The PBE parameters produced by the module 106 may include updated
parameters, or alternatively, initial default parameters, depending
on the operational state of the system 100. The control module 106
sets the PBE parameters of the PBE module 104 in real-time, and may
do so at predefined intervals. The PBE parameters determined by the
PBE parameter control module 106 may include all of those discussed
herein, including those described above in connection with FIG.
3.
[0080] In step 408, PBE is performed on the audio signal output
from the post-processing module 110 by the PBE module 104, if it is
determined by the control module 106 that PBE of the incoming audio
is needed. Whether or not PBE is performed is based on the ANC
module status and/or output signal and the bass content of the
audio signal output from the audio post-processing module 110.
Generally, the PBE module 104 is controlled to achieve optimal
performance of the speaker 18.
[0081] In step 410, the ANC signal output from the ANC module 102
and the PBE signal output from the PBE module 104 are combined by
combiner 16 to produce the audio output signal. The audio output
signal can then be processed further, for example, by D/A
conversion, and analog processing, such as amplification, filtering
or the like, before it is converted to sound by the speaker 18.
[0082] In some configurations of the system 10, 25 and 100 of FIGS.
1-2 and 4, the ANC module runs in a codec chip in a PDM high-clock
rate domain, and the PBE module runs in a separate DSP or
application processor having a different clock rate.
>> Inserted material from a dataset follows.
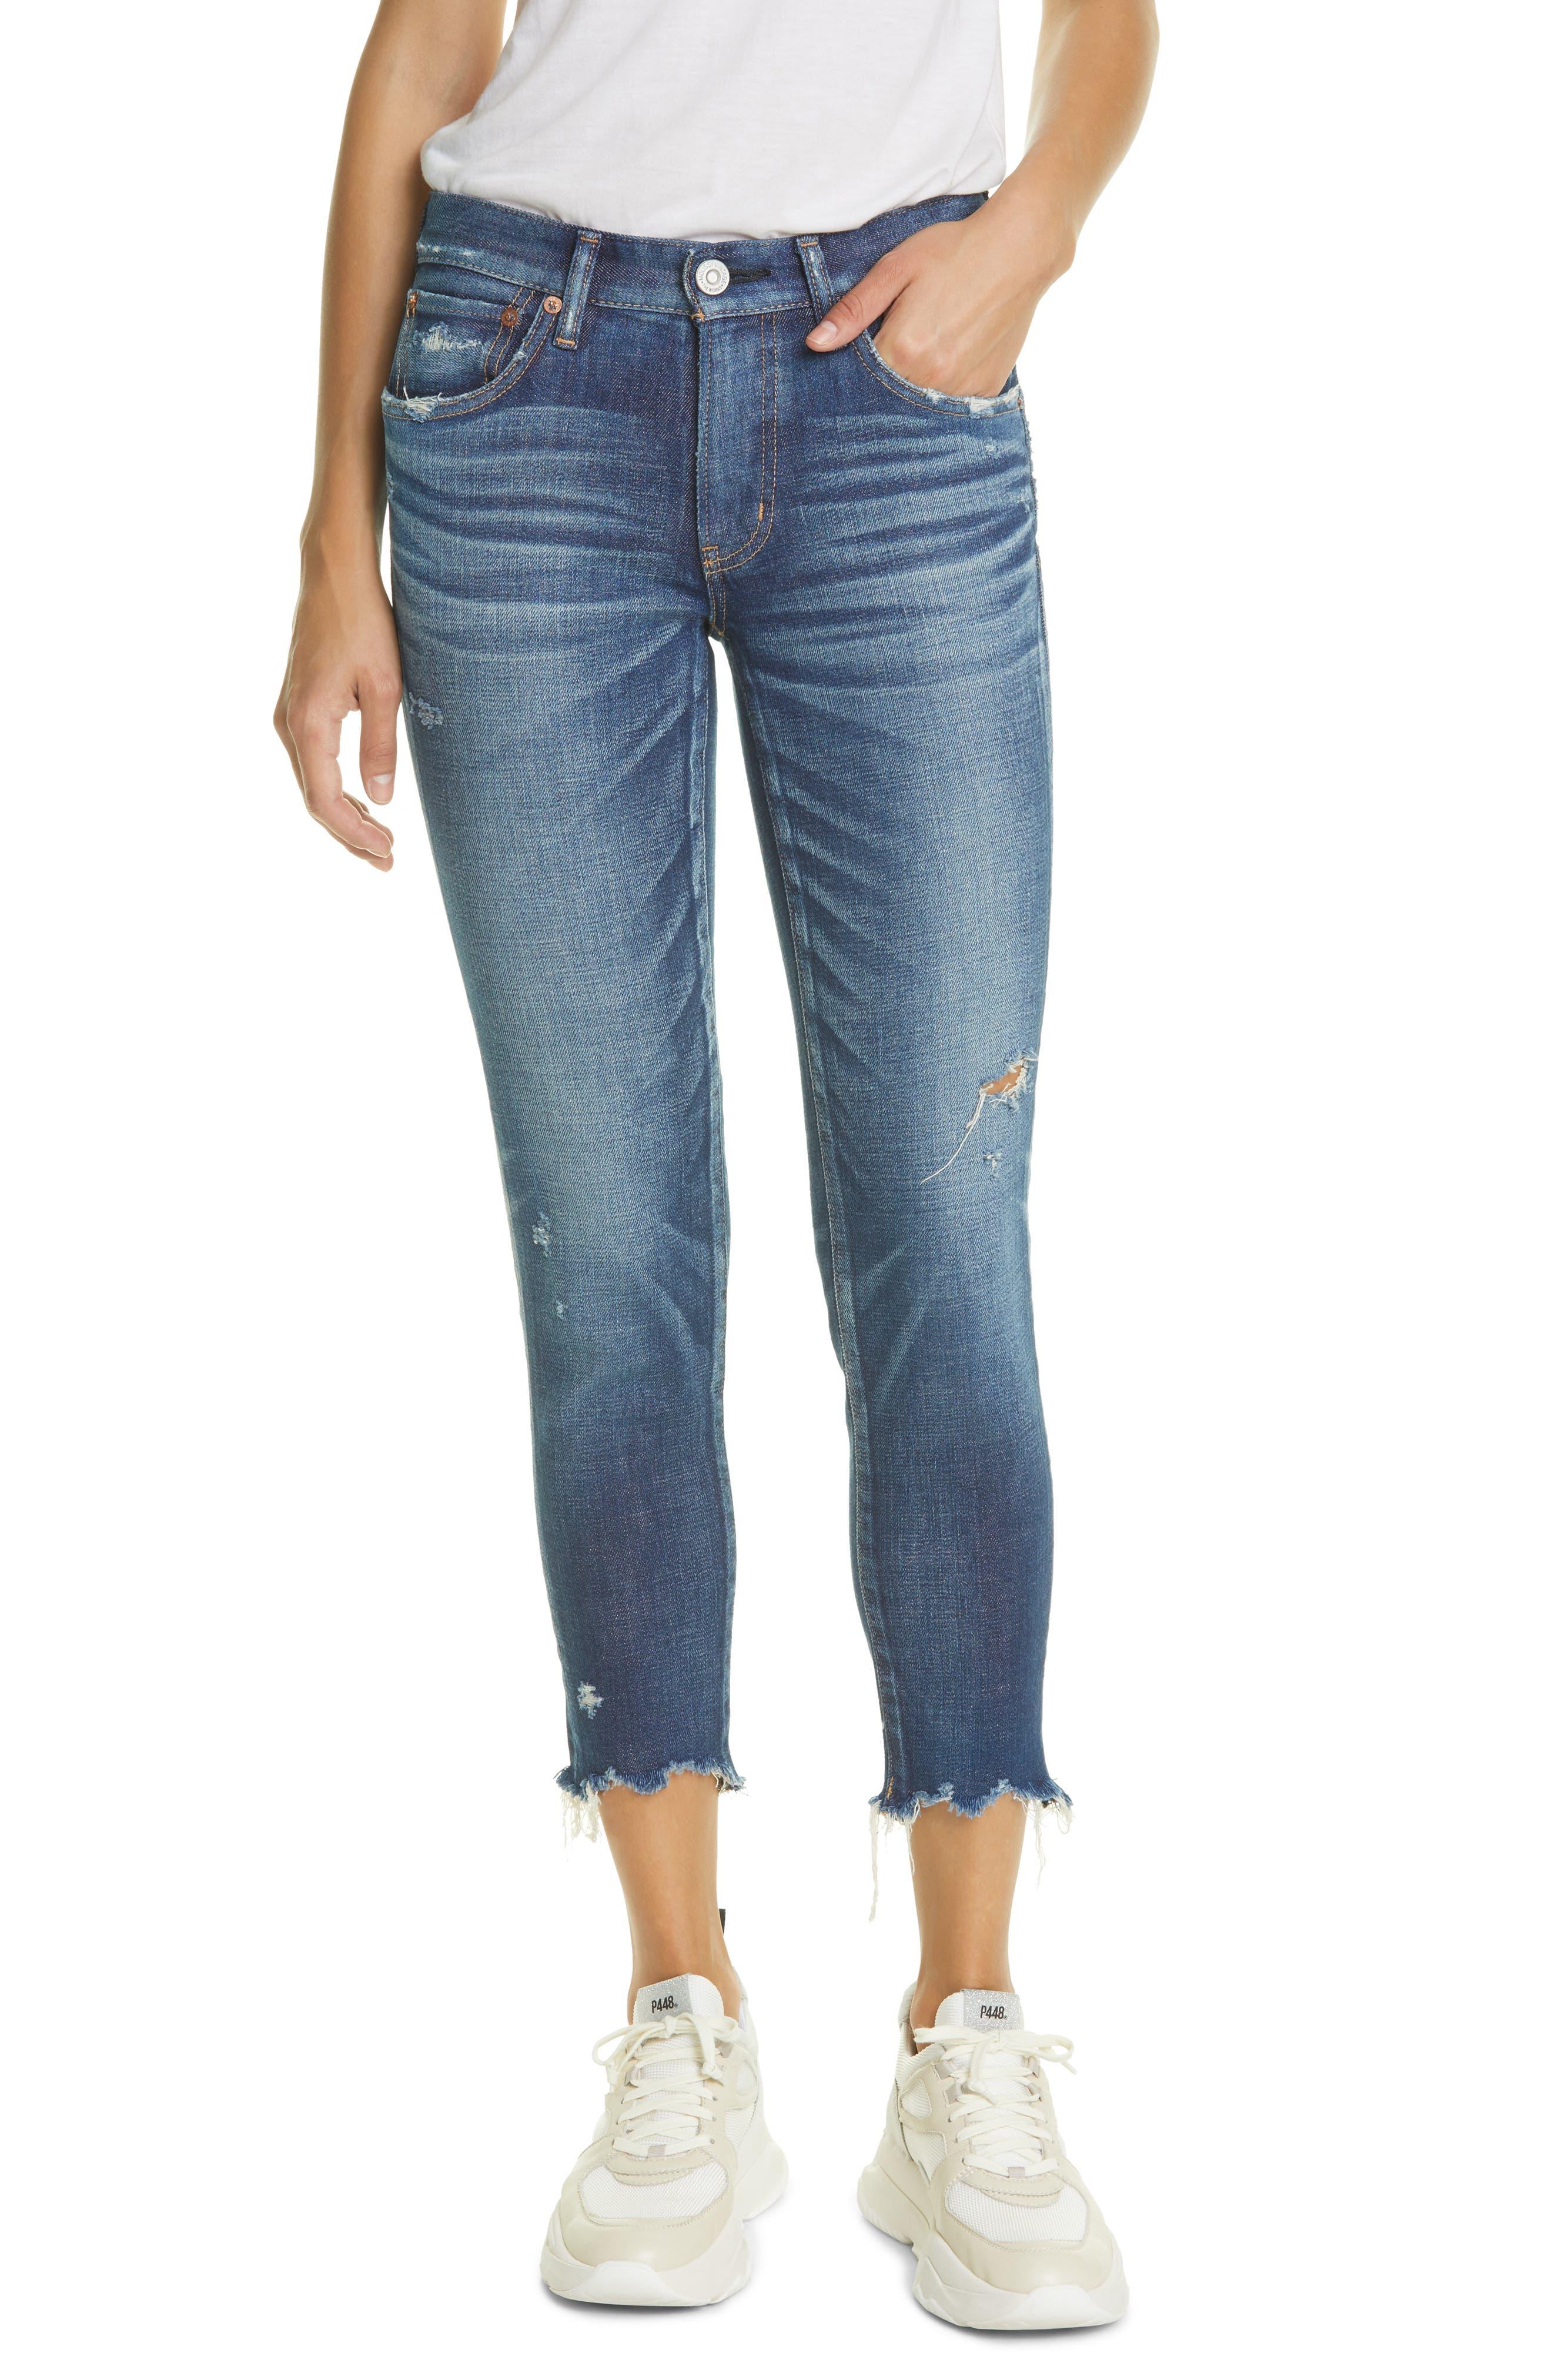 Checotah Distressed Raw Hem Skinny Jeans

The ANC status
and output signals can be provided to the DSP periodically to
provide necessary anti-noise information to the PBE control module.
Also, speaker profile and specifications (e.g., speaker parameters
108) can also be provided to the PBE control module, so that more
accurate filter roll-offs and cutoff frequencies in the PBE module
can be used as reference for PBE tuning.
[0083] FIG. 6 is a block diagram illustrating an exemplary audio
system 450 integrating an ANC module 452, the audio post-processing
module 110, a PBE module 454, and a receive voice enhancement (RVE)
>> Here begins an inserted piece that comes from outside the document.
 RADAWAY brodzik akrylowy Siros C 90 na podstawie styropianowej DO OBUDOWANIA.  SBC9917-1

module 458. The audio system 450 also includes the reference
microphone 20 and near-end microphone 21, the digital audio stream
22, the optional HPF 112, the combiner 16, at least one speaker 18,
and a PBE parameter control module 456 for tuning the PBE module
454. Speaker parameters 108 may also be stored in or provided to
the system 100. The speaker parameters 108 are made available to
the PBE parameter control module 456.
[0084] The ANC module 452 can include those functions of the ANC
module 12 described in connection with FIGS. 1-2, and the PBE
module 454 can include the functions and components of the PBE
module 14 described in connection with FIGS. 1-3.
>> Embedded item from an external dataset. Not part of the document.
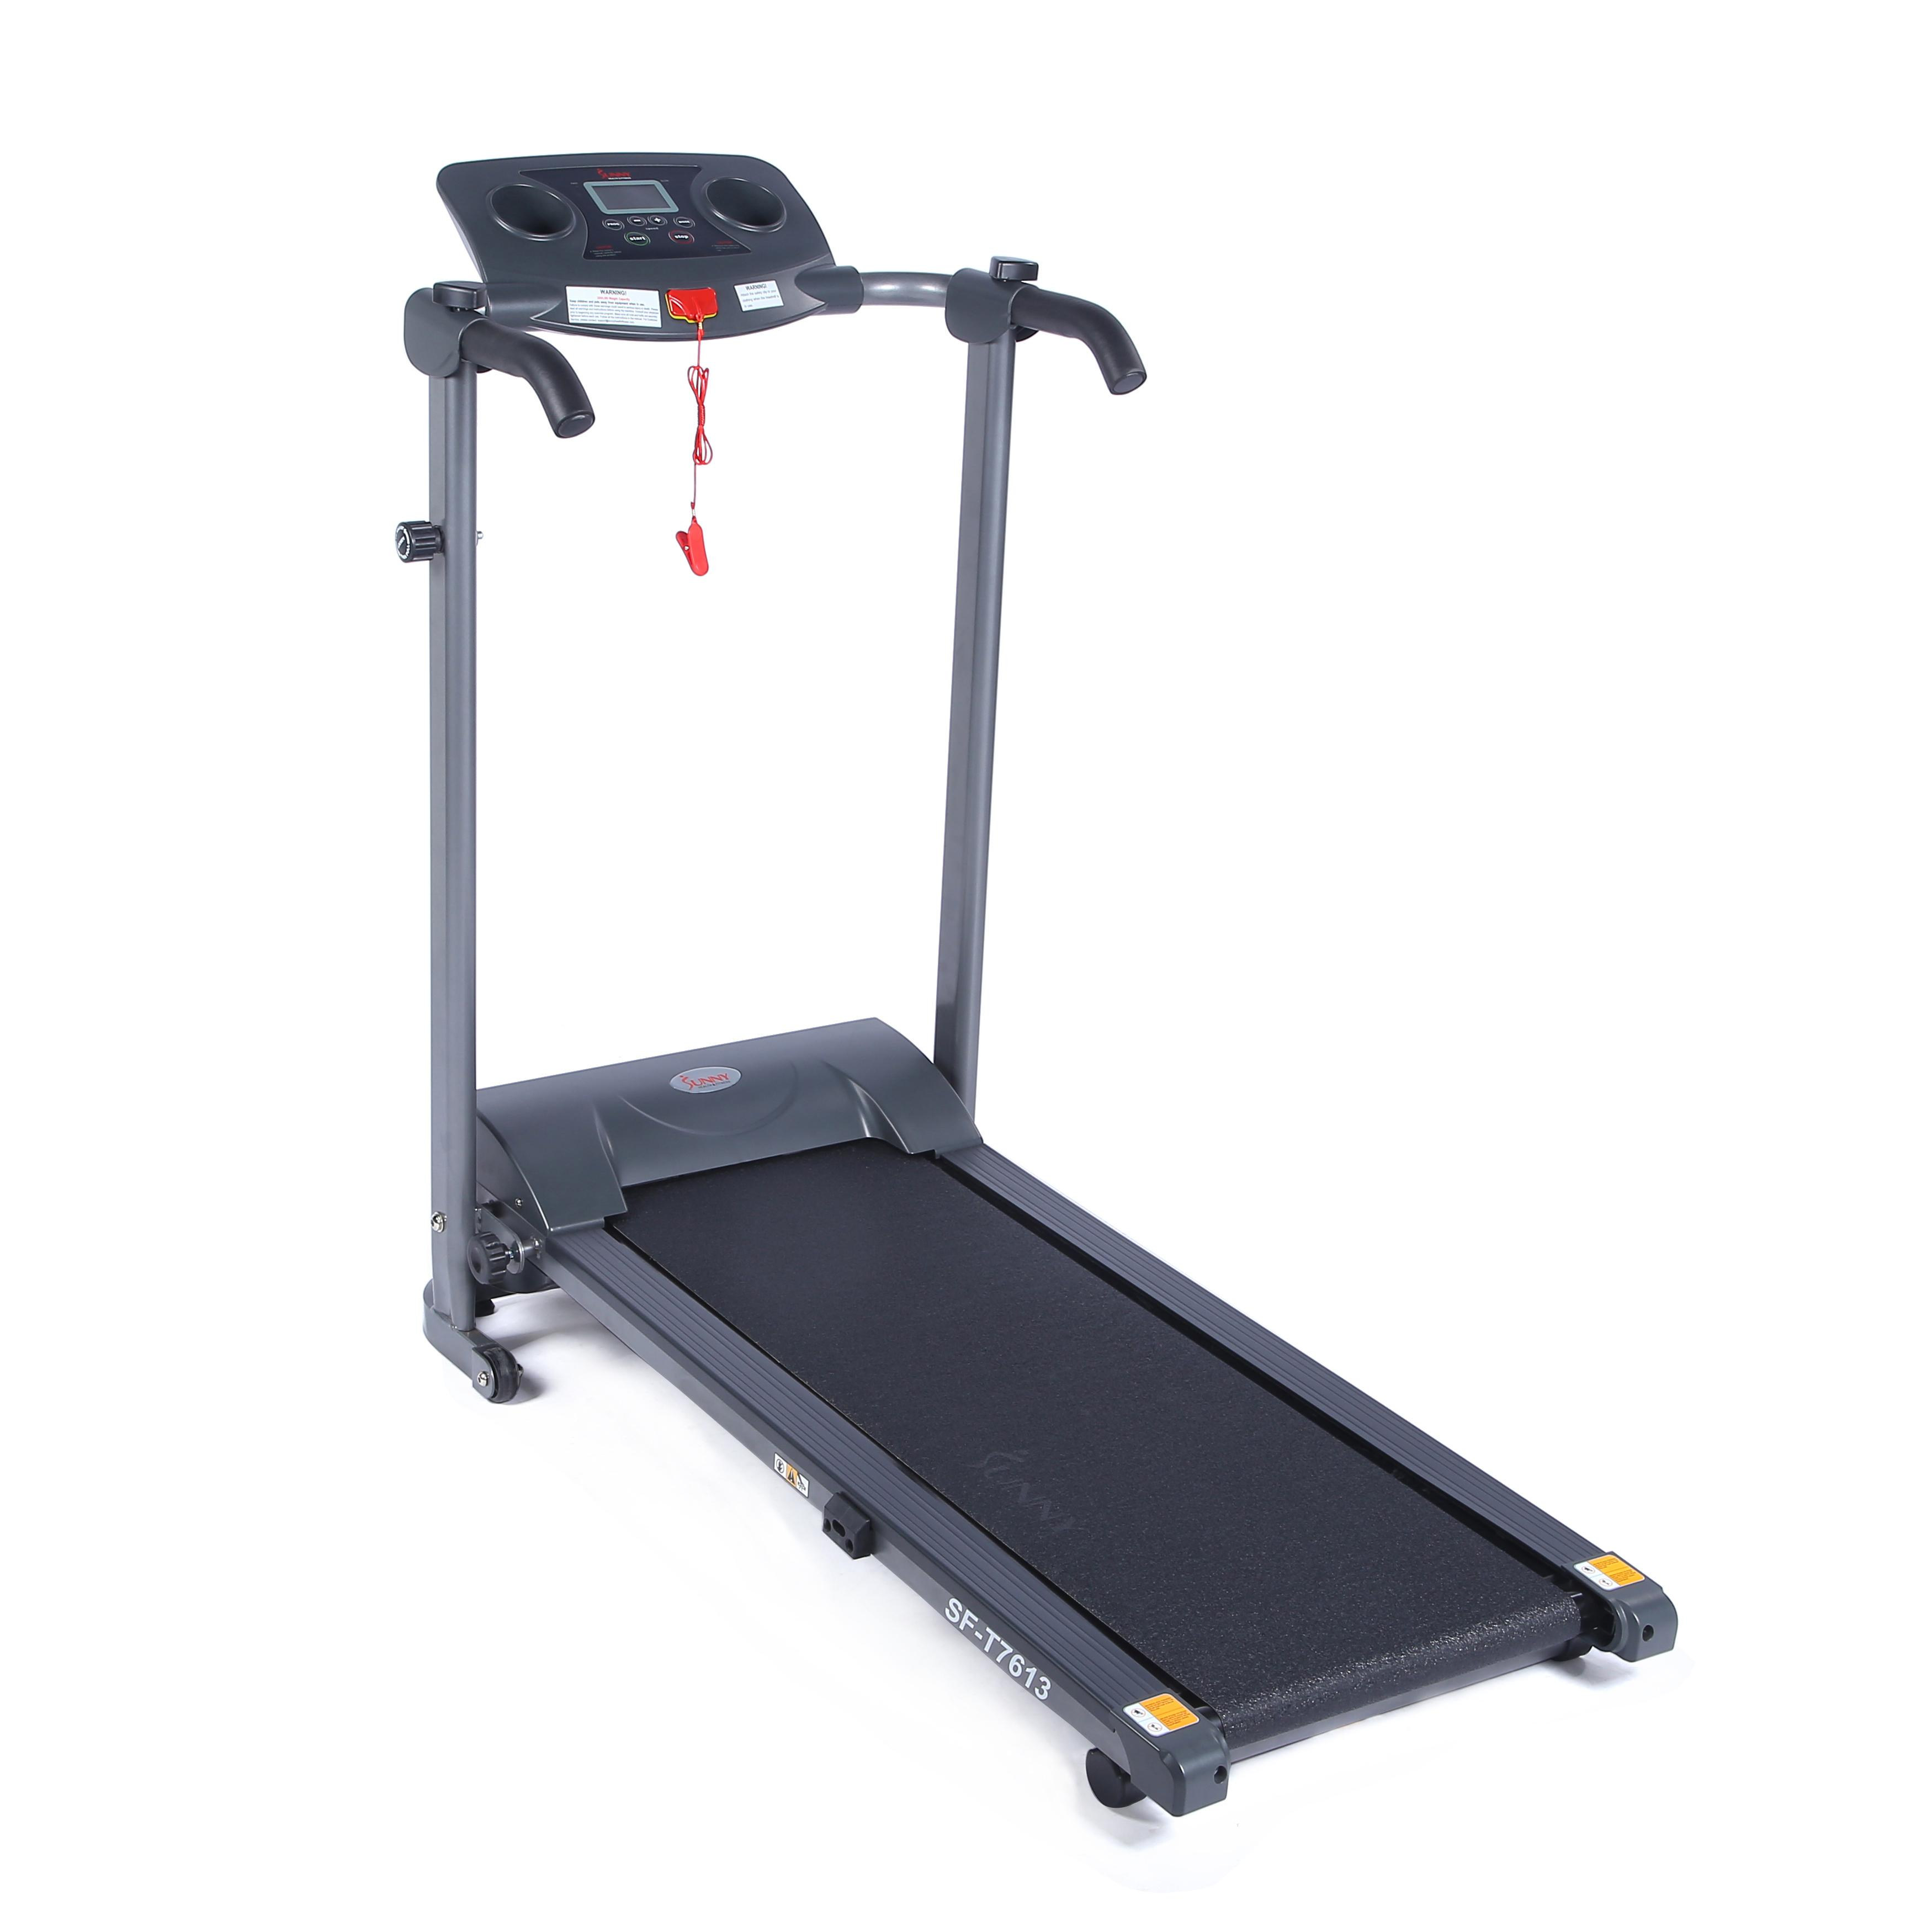 Cybex Treadmill Error 3: Amazon.com : Sunny Health & Fitness T7613 Easy Assembly

[0085] The system 450 applies PBE on audio that is first processed
by the RVE module 458. This results in better masking of
low-frequency ambient noise. RVE works by selectively applying
gains to the received audio signal (from the digital audio stream
22) based on the near-end noise level and frequency composition
(for example, as measured by the near-end microphone 21), to
achieve an improved signal-to-noise ratio (SNR) or perceived
loudness. For example, a user talking on a phone that incorporates
the system 450 at a noisy location where lots of people are
talking, in order for the user to better hear received audio from
the far-end talker, the RVE module 458 may boost (apply additional
gain) to the speech frequencies of the received far-end audio
signal that comes through the digital audio stream 22. In other
words, RVE module 458 intelligently amplifies the frequencies at
which the ambient noise is generally occurring in the incoming
audio signal from the audio stream 22 so that those frequencies can
be better heard over the ambient noise affecting the system 450. As
another example, if the user is using the system 450 in a subway
station, the surrounding ambient noise may have more low frequency.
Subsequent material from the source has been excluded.